Technical information
- Facility ID: 54768
- Class: B
- Power: 10,000 watts (unlimited)
- Transmitter coordinates: 14°21′28″S 170°46′36″W﻿ / ﻿14.35778°S 170.77667°W

= WVUV (AM) =

Radio station in Leone, American Samoa (1942–2011)

WVUV (648 AM) was a radio station licensed to serve the community of Leone, American Samoa. The station, established in 1942, was owned and operated by South Seas Broadcasting, Inc., when its broadcast license was cancelled in 2011. WVUV was a sister station to NBC TV station KKHJ-LP, which went by the WVUV-LP callsign until 2008.

==Programming==
Before signing off forever, WVUV broadcast a hot adult contemporary music format to American Samoa area and other neighboring islands.

==History==
After being deleted from the FCC database in January 2005 after a period of inactivity, the station was re-licensed and reassigned the callsign WVUV by the Federal Communications Commission on May 5, 2006. The FCC application history shows a series of "Stay Silent" requests from February 2006 through 2008, as the station's antenna was damaged and the station was unable to repair it.

The station filed an application with the FCC to change broadcast frequencies from 648 kHz to 720 kHz.
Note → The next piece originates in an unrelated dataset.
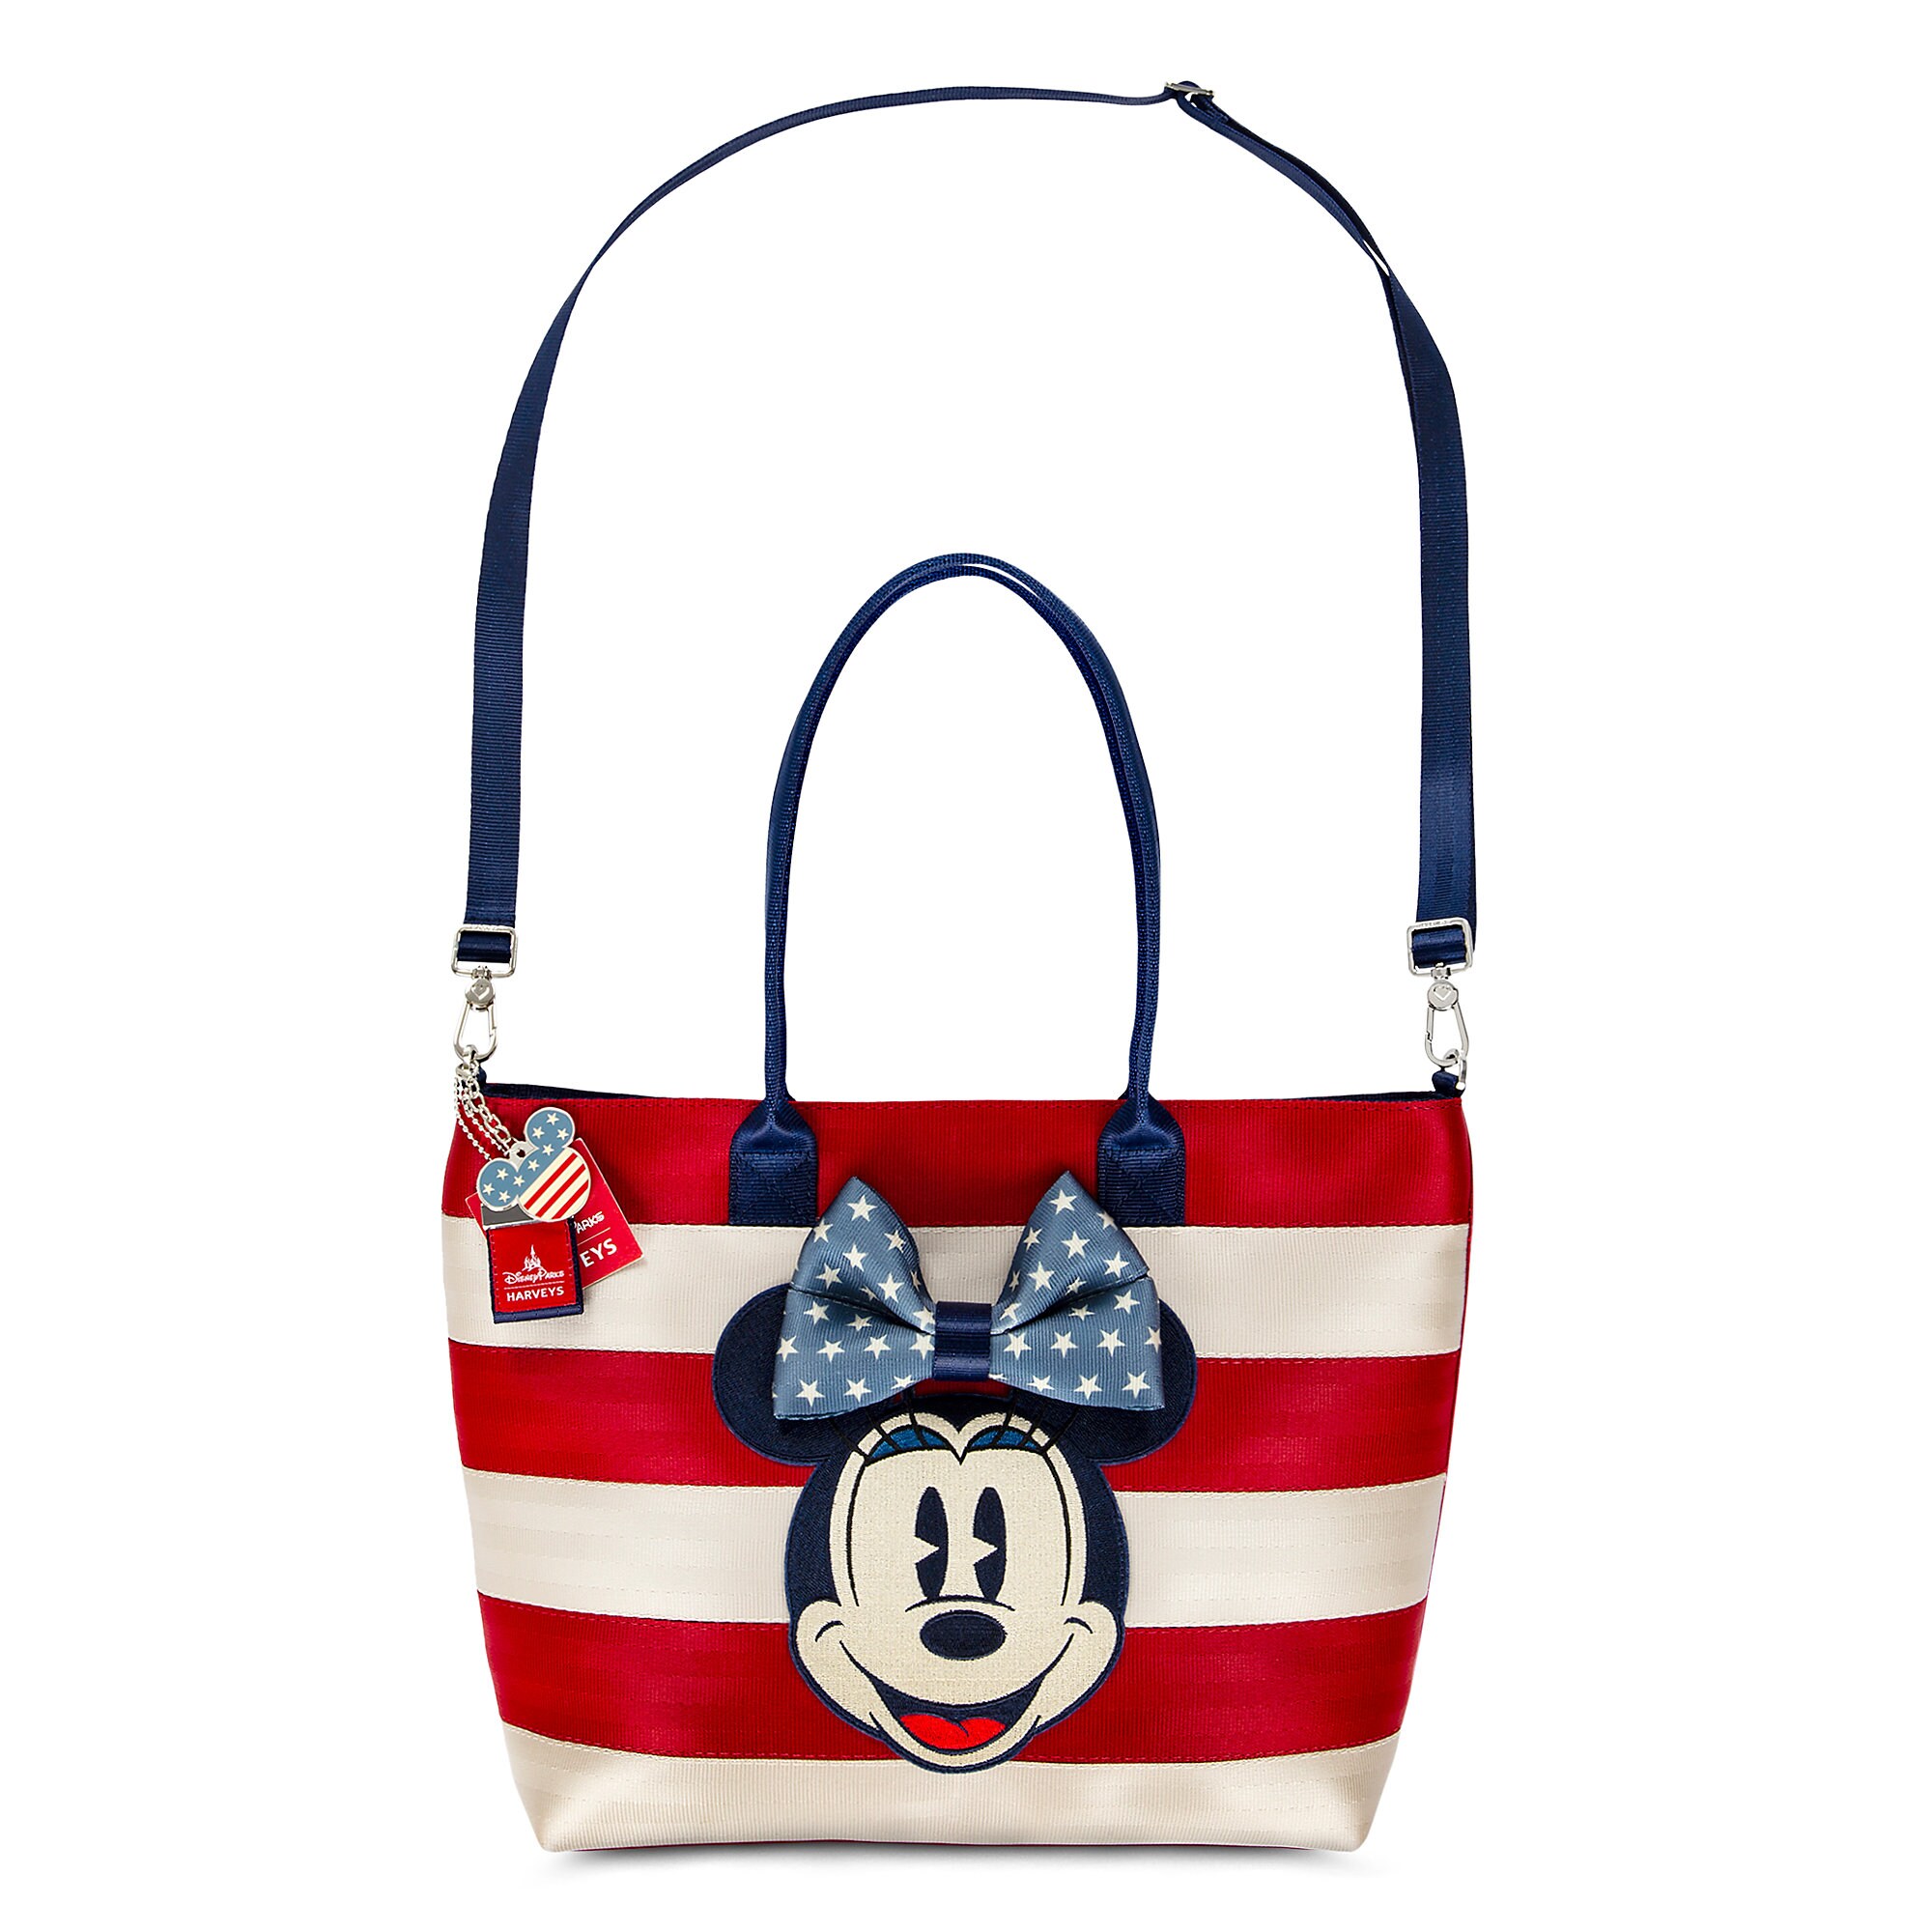 Mickey and Minnie Mouse Americana Streamline Tote by Harveys

This would have included a reduction in power from 10,000 watts day and night to 5,000 watts during the day and 2,000 watts at night. The antenna would also have moved to 14°20'23"S, 170°46'21"W.
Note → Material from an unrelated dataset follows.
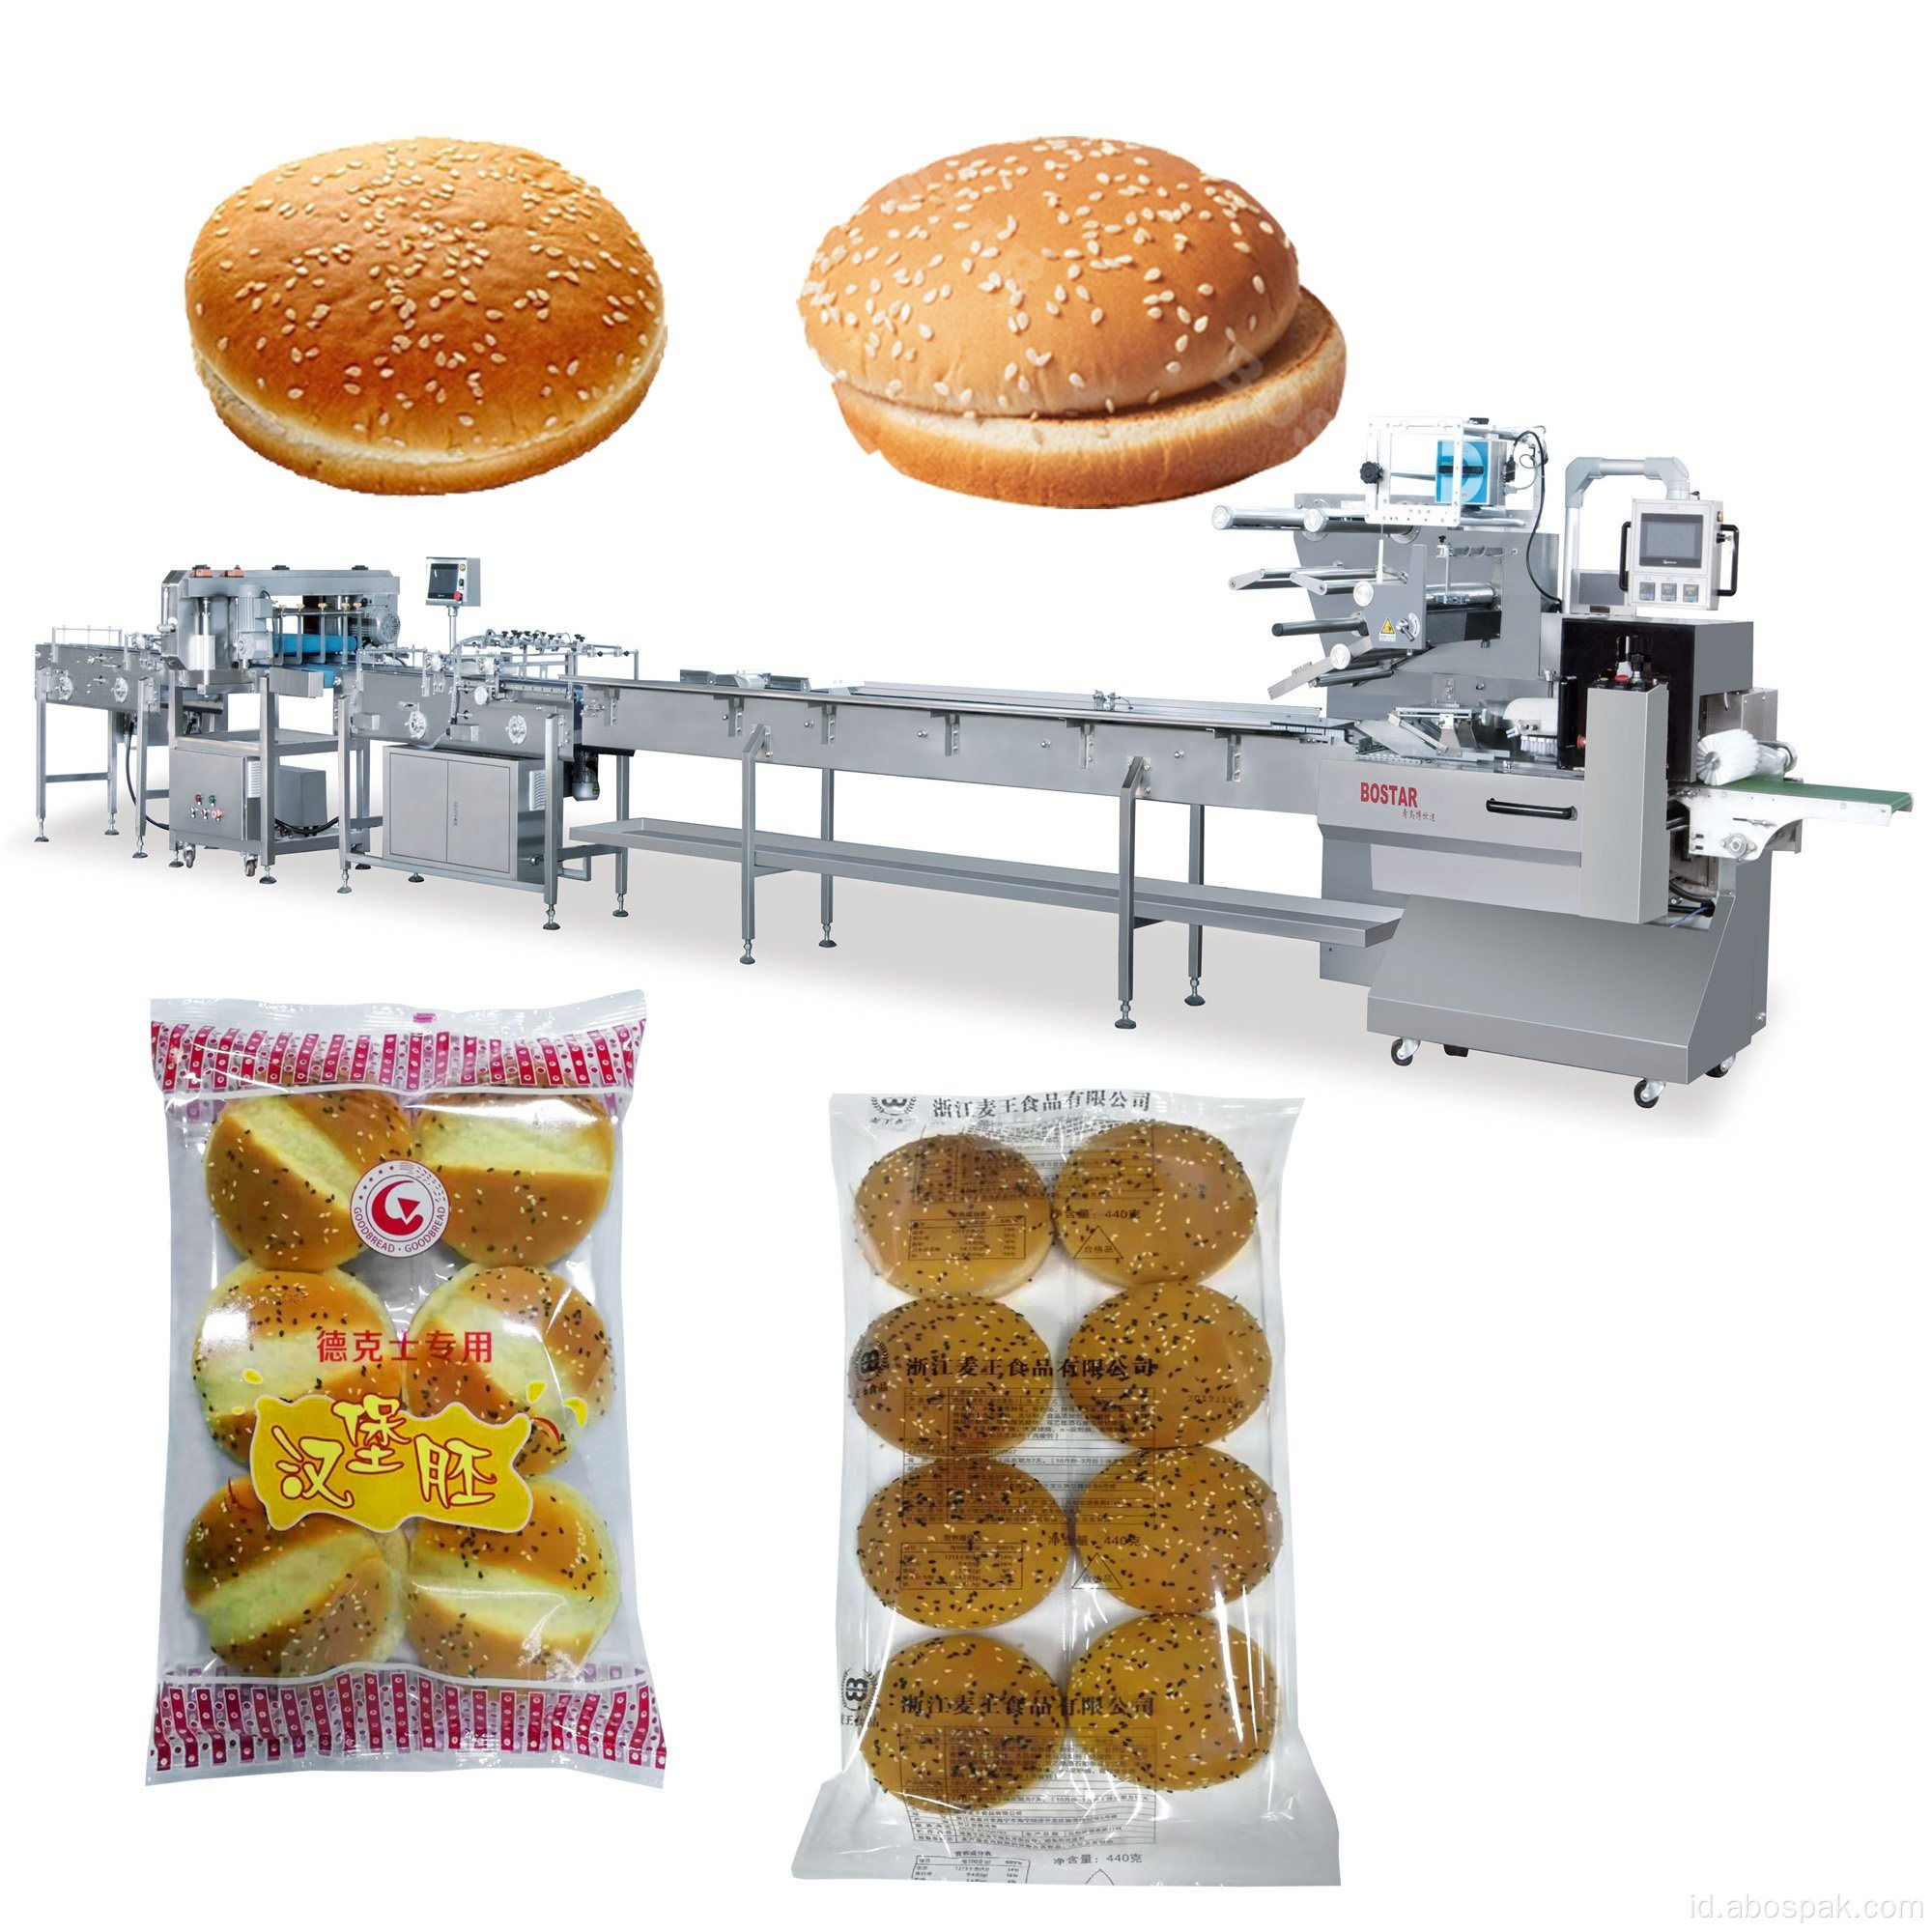 Jalur Pengemasan Makanan untuk Hamburger Bun

The WVUV broadcast license was due for periodic renewal on April 16, 2010. Per FCC regulations, the station should have applied for renewal no later than December 16, 2009. As the FCC had received no request to renew the license for nearly a year after its scheduled expiration, the Commission declared the license expired, ordered WVUV to cease broadcasting, and deleted the WVUV call sign from its database.